Prompt: An exact copy of the lines of the listing below between the "圣诞红丝带 丝带 圣诞节 销售 装饰品 圣诞 红色 颜色 弓 白色" line and the "Totes bags Versace" line, both included, is the whole answer; please omit the pictures.

Extracted information:

-- -- --

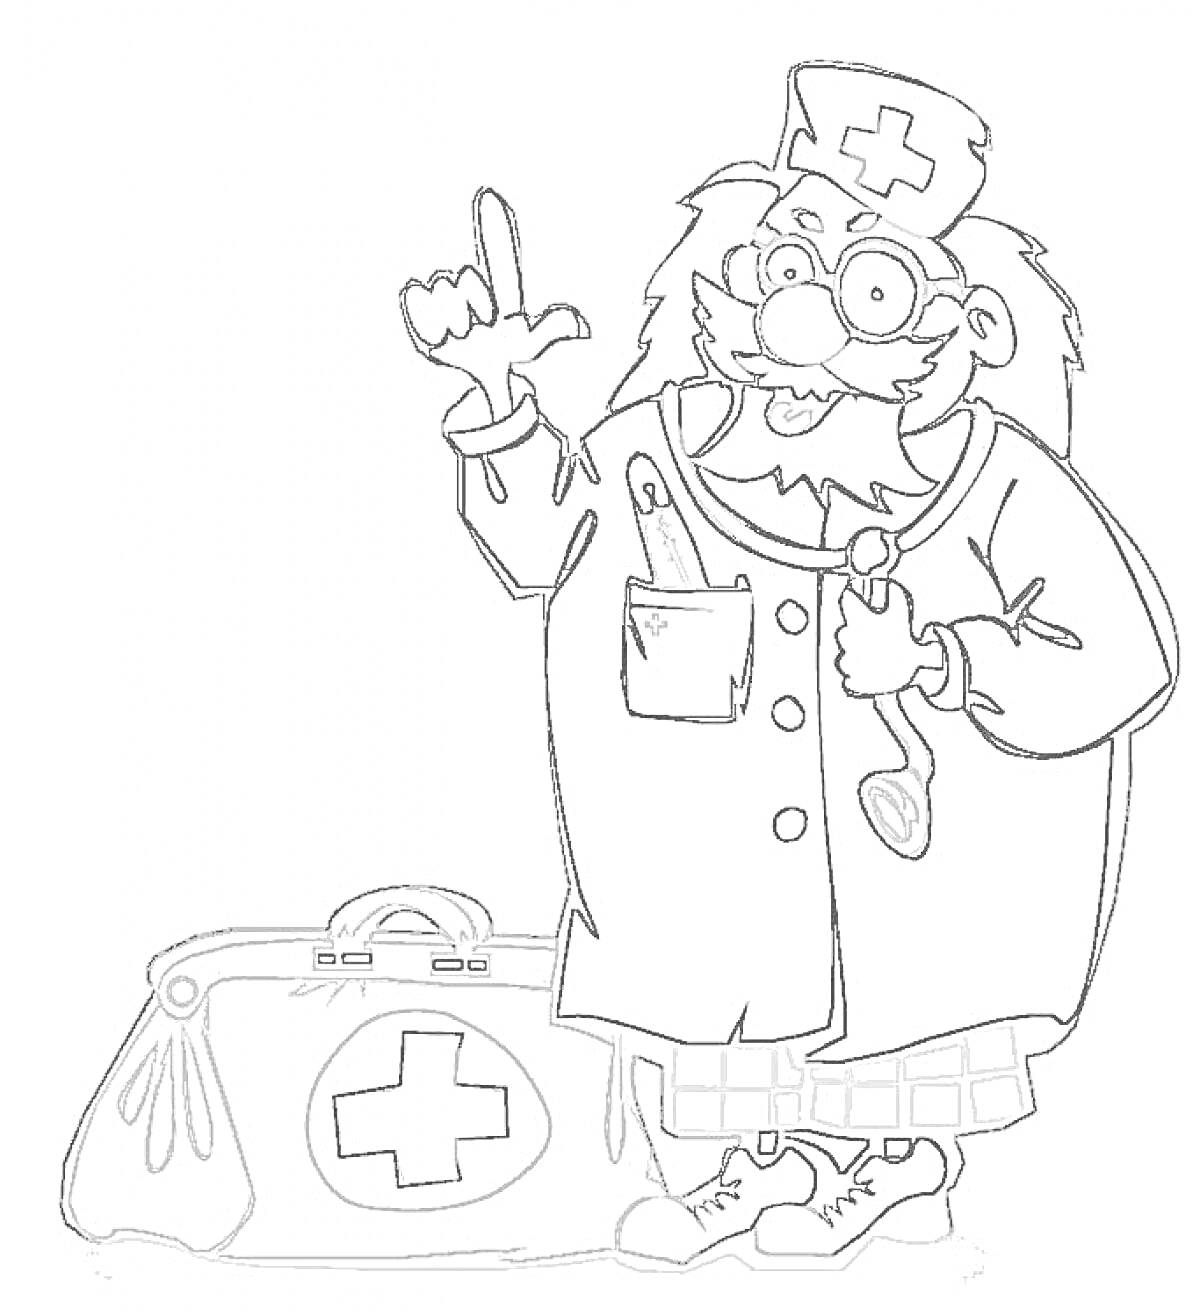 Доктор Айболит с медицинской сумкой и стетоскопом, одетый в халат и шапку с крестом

-- -- --

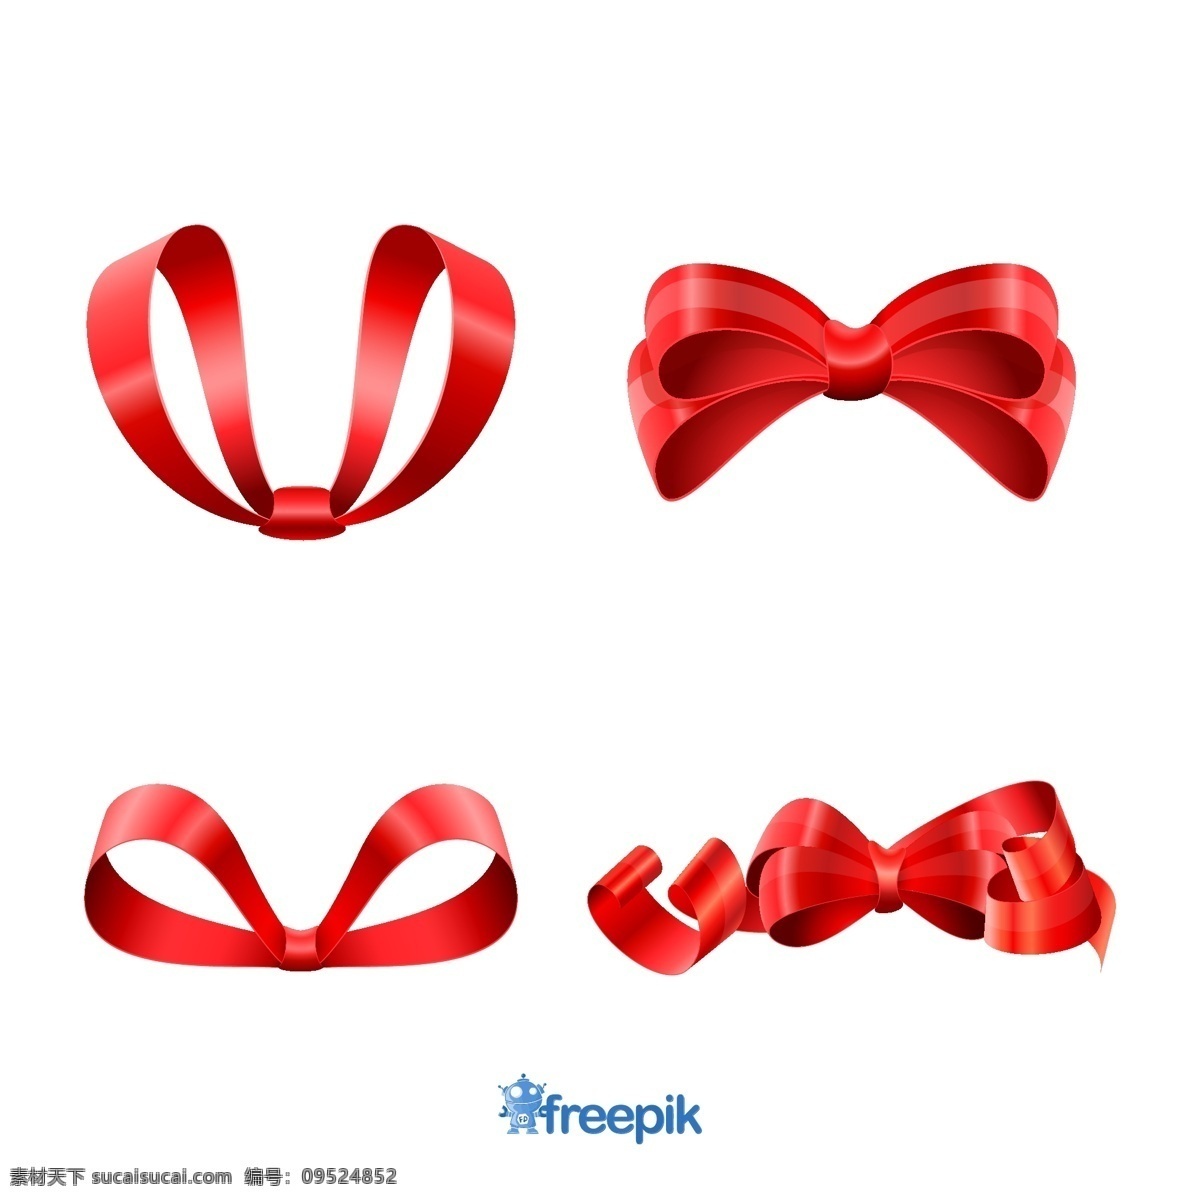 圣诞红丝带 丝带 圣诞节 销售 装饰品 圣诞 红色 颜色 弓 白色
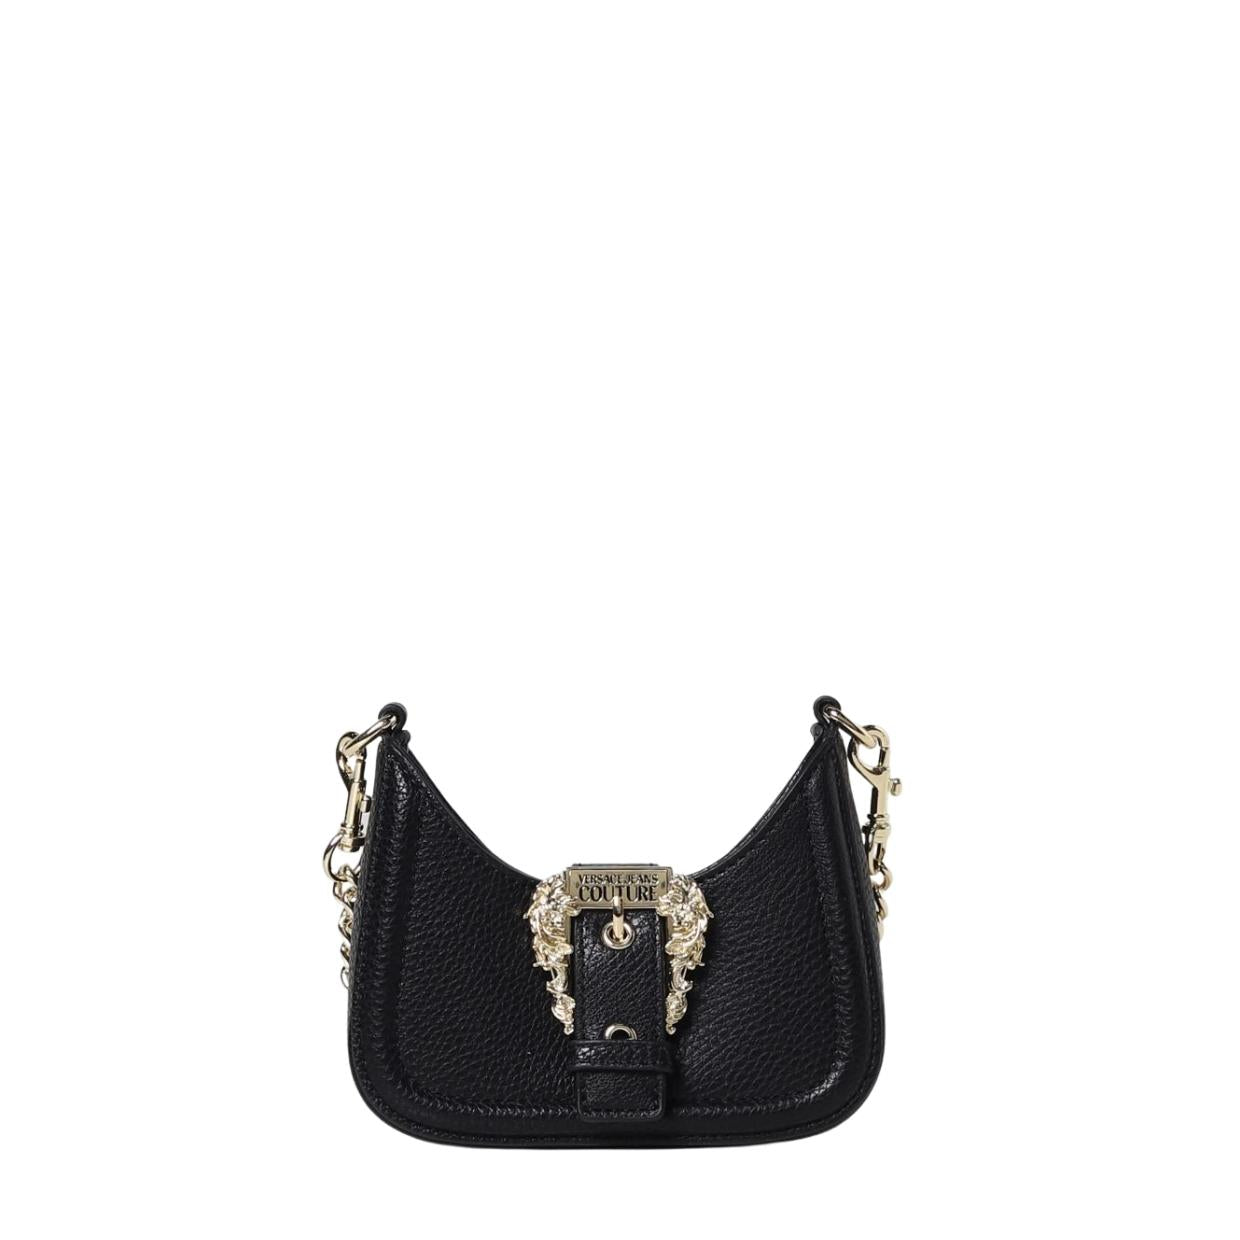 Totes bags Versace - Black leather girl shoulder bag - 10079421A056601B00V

-- -- --

Solved exercise:
 圣诞红丝带 丝带 圣诞节 销售 装饰品 圣诞 红色 颜色 弓 白色
 Totes bags Versace - Black leather girl shoulder bag - 10079421A056601B00V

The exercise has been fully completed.